§ Seeds / 2013 / Winter

Winter 2013 an OmniTI publication



Preserving Node.js Packages and Sanity

Software development is often an exercise in standing on the shoulders of giants. This is particularly true with Node.js, which is very much geared toward modular code. Managing the dependencies in a sane, predictable fashion is critical for smooth deploys and restful nights. There isn't a perfect solution, and no approach will work in all aspects, but npm's package.json in conjunction with npm's shrinkwrap feature will get the job done cleanly in most situations.

example |-- config |-- lib | `-- foo.js |-- node_modules | |-- A | |-- B | `-- Z |-- test |-- LICENSE.md |-- package.json `-- README.md

Node.js modules are self-contained, reusable pieces of code written either in pure javascript or a mix of C++ and javascript, the latter of which must be compiled before use. They reside in the node_modules directory and are included elsewhere by using require("foo"). The require() method will walk up the directory structure from the calling file, check each level for a node_modules directory and then for the module. This should be kept in mind, as it is what allows things like modules to each have their own dependencies, but can also cause unexpected behavior if more than one node_modules exists in the main project.

The vast majority of public modules can be found in one of two places: GitHub and npm. GitHub is a popular hosting service for code projects using Git revision control. Using a module from there would require a git clone of the repo and an npm build if compilation is necessary. The other option, npm, is a package manager for Node.js and is installed automatically with the core. Simply running npm install will create a node_modules directory in the current working directory, download the module, and then compile it automatically. Often modules will be hosted and maintained on GitHub and published to npm, but not always.

Manual installation is fine and dandy when developing, but eventually the project is going to have to be deployed or distributed and some way to replicate all of that work will be needed. One's first instinct might be to check node_modules into the project repository. The upside is absolute consistency, but the downside includes a larger repo with more noise, as well as issues with compiled modules being reused across systems; modules will generally need to be rebuilt anyway on each system.

{ "name": "example", "version": "1.0.0", "author": "John Doe ", "description": "An example project", "main": "./lib/foo.js", "repository": { "type": "git", "url": "https://github.com/some github user/example.git" }, "keywords": [ "example", "foo", "bar" ], "dependencies" : { "A" : "2.5.0", "B" : "0.1.2", "Z" : "git://github.com/some github user/Z.git" }, "license": "MIT" }

A much better approach, though not perfect on its own, is to use npm's built in features. In a node project, configuration options, including dependencies, can be specified in a package.json file, as shown above. Dependencies can be saved as npm module names, npm module names and version numbers, or as git links. If npm install is run, it will examine the package.json file and attempt to install any dependencies listed that are not already installed to the node_modules directory. In this case, it will install modules A, B, and Z. Additionally, npm rebuild can be run to recompile any native modules, which is useful (and necessary) after a node version update.
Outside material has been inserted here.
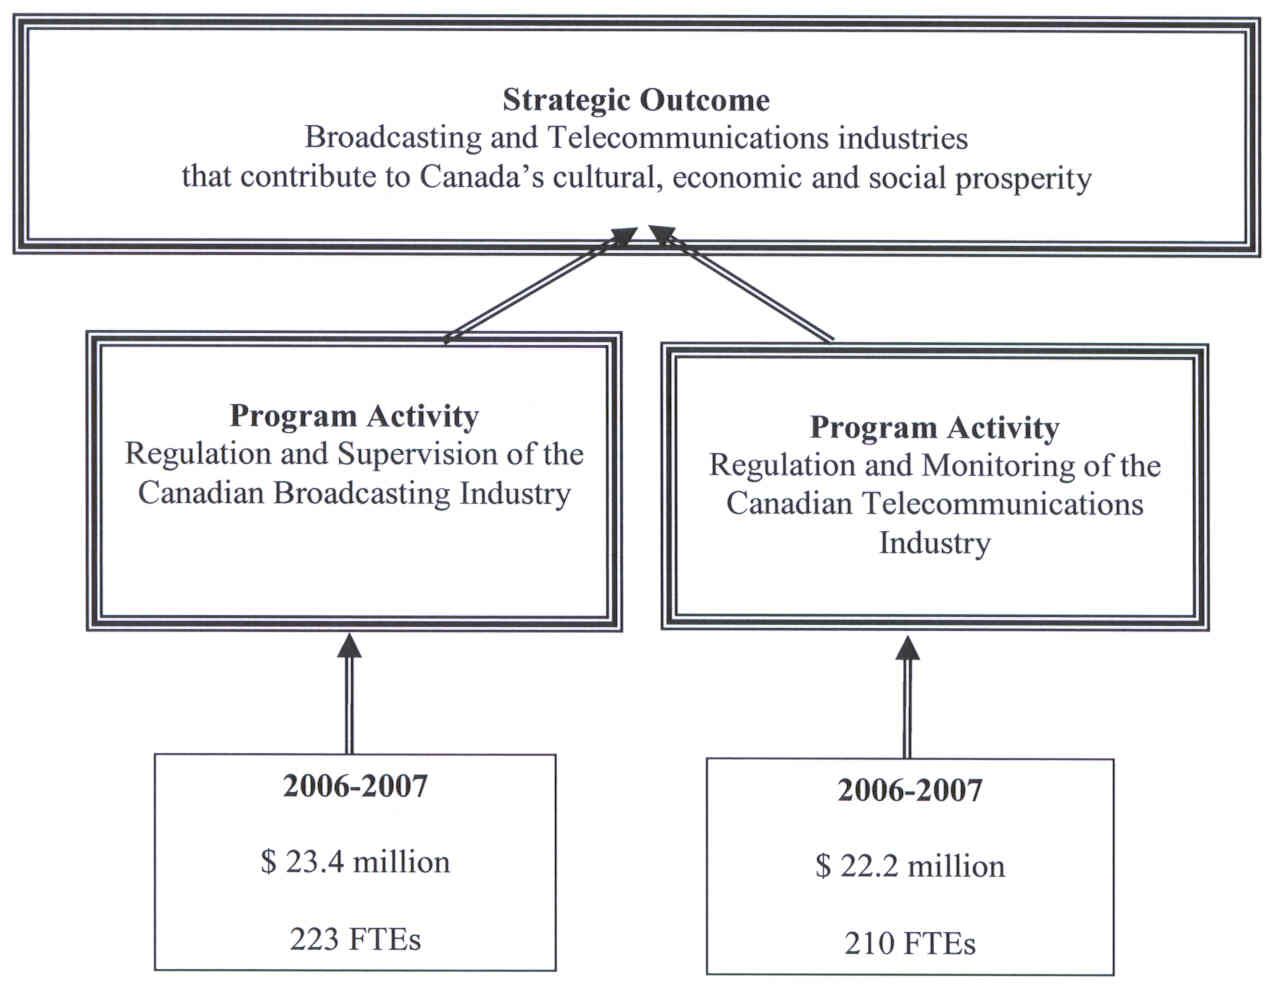 Stragetic Outcome, Broadcasting and Telecommunications industries that contribute to Canada's cultural, economic and social prosperity. Program Activity: Regulation and Supervision of the Canadian Broadcasting Industry. Program Activity Regulation and Monitoring of the Canadian Telecommunications Industry.

There are, however, two major drawbacks to just using npm and package.json. The first is that the system it is run on will need access to whatever servers are hosting the modules, whether it is the npm servers, github, or somewhere else. This may not be possible under certain security situations.

The second is that, while the dependency versions can be specified in package.json, and npm install will install those versions, this does not guarantee consistent subdependencies, as shown in the diagram below.

Installed on Jan 1

node_modules |-- A @ 2.5.0 (installs 2.5.0) | `-- C @ >= 1.0.0 (installs 1.0.1) `-- B @ 0.1.2 (installs 0.1.2) |-- D @ * (installs 2.4.1) `-- E @ 1.5.1 (installs 1.5.1)

Installed on Dec 1

node_modules |-- A @ 2.5.0 (installs 2.5.0) | `-- C @ >= 1.0.0 (installs 2.1.1) `-- B @ 0.1.2 (installs 0.1.2) |-- D @ * (installs 3.0.7) `-- E @ 1.5.1 (installs 1.5.1)

Each dependency module will have its own package.json, which often does not specify versions for all of its dependencies, meaning the latest versions will be installed. One can control the version of A and B, but not C, D, and E in the example. It is possible that the subdependencies installed are a new enough version that they are no longer compatible with the dependency versions specified in the main package.json or behave slightly differently. This can lead to some nasty surprises. Enter shrinkwrap.

Shrinkwrap is a way to lock down the entire dependency tree. After the base package.json is built and modules installed, running npm shrinkwrap will create a file called npm-shrinkwrap.json. This file will contain the exact version of every dependency and subdependency in the tree. When npm install is run again, it will check both package.json and npm-shrinkwrap.json, using the latter to install the specific versions of everything. The shrinkwrap file can be checked in to the repository, along with package.json, and one can be confident that modules will be consistent across systems.

There are still some caveats, however. It does not solve the issue of requiring access to the dependency hosting. The package.json, npm-shrinkwrap.json, and installed modules (node_modules) must be kept in sync. If there is something in node_modules that isn't listed in package.json, or one is missing, or the versions are different, then shrinkwrapping will fail. This means that all modules in node_modules must be handled through the package.json; any modules to be loaded outside that process need to be kept separate, which must be remembered when requiring modules in the code. When versions are changed in package.json and node_modules, a new shrinkwrap must not be forgotten. None of these are particularly problematic, but are extra considerations when working with the codebase.

Using the outlined methods to combine npm's package.json dependencies with shrinkwrap's version lockdown, we have found that our deploys have become smoother, and less hair has been lost when dealing with Node.js.